» AIM OF THE TASK:
Consider the listing below. Extract exactly the lines from the line containing "The travel card" to the line containing "Chihuahua On The Rug Coloring Page", both included.

» RECORDS SUPPLIED:
- - -

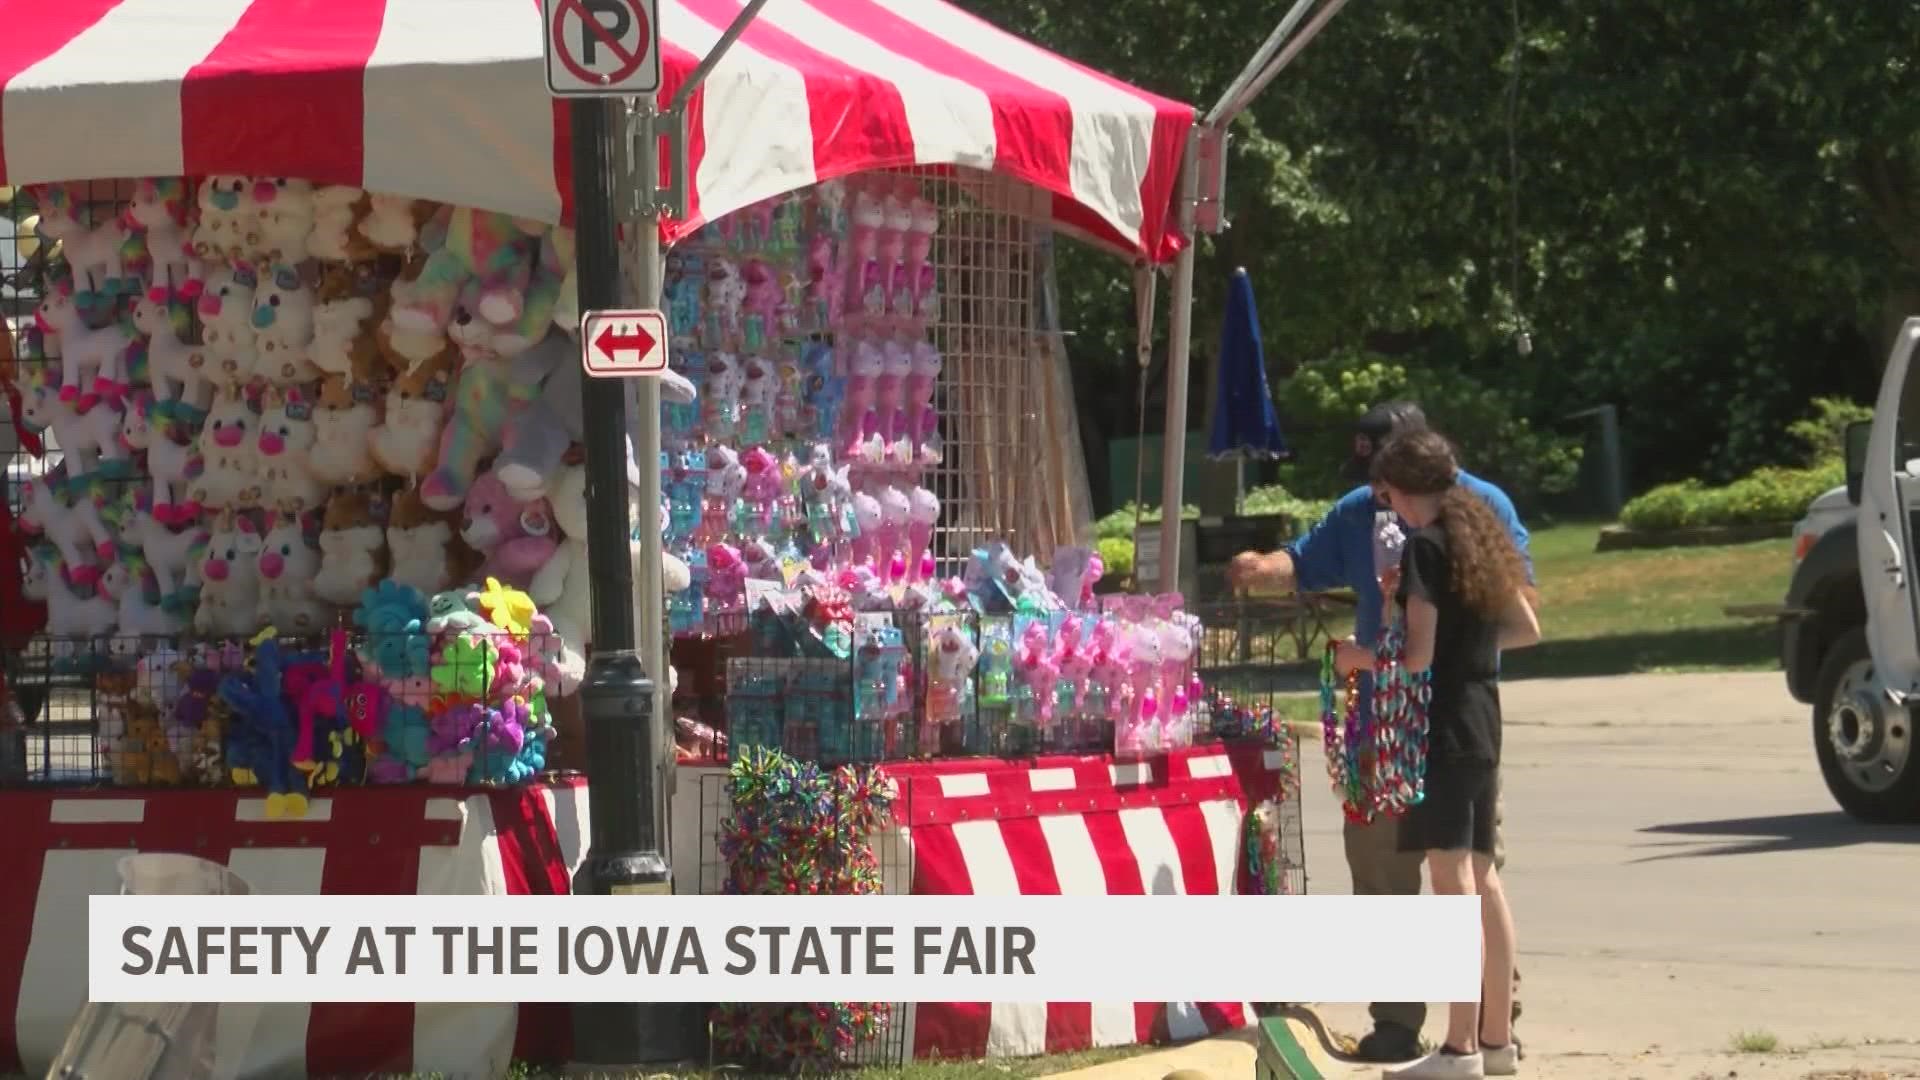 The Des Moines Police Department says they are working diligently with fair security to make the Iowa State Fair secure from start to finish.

- - -

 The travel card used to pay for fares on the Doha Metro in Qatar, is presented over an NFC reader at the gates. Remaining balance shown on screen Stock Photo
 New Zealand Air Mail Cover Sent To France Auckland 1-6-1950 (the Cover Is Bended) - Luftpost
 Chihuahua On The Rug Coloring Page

- - -

» SOLUTION TO THIS EXERCISE:
 The travel card used to pay for fares on the Doha Metro in Qatar, is presented over an NFC reader at the gates. Remaining balance shown on screen Stock Photo
 New Zealand Air Mail Cover Sent To France Auckland 1-6-1950 (the Cover Is Bended) - Luftpost
 Chihuahua On The Rug Coloring Page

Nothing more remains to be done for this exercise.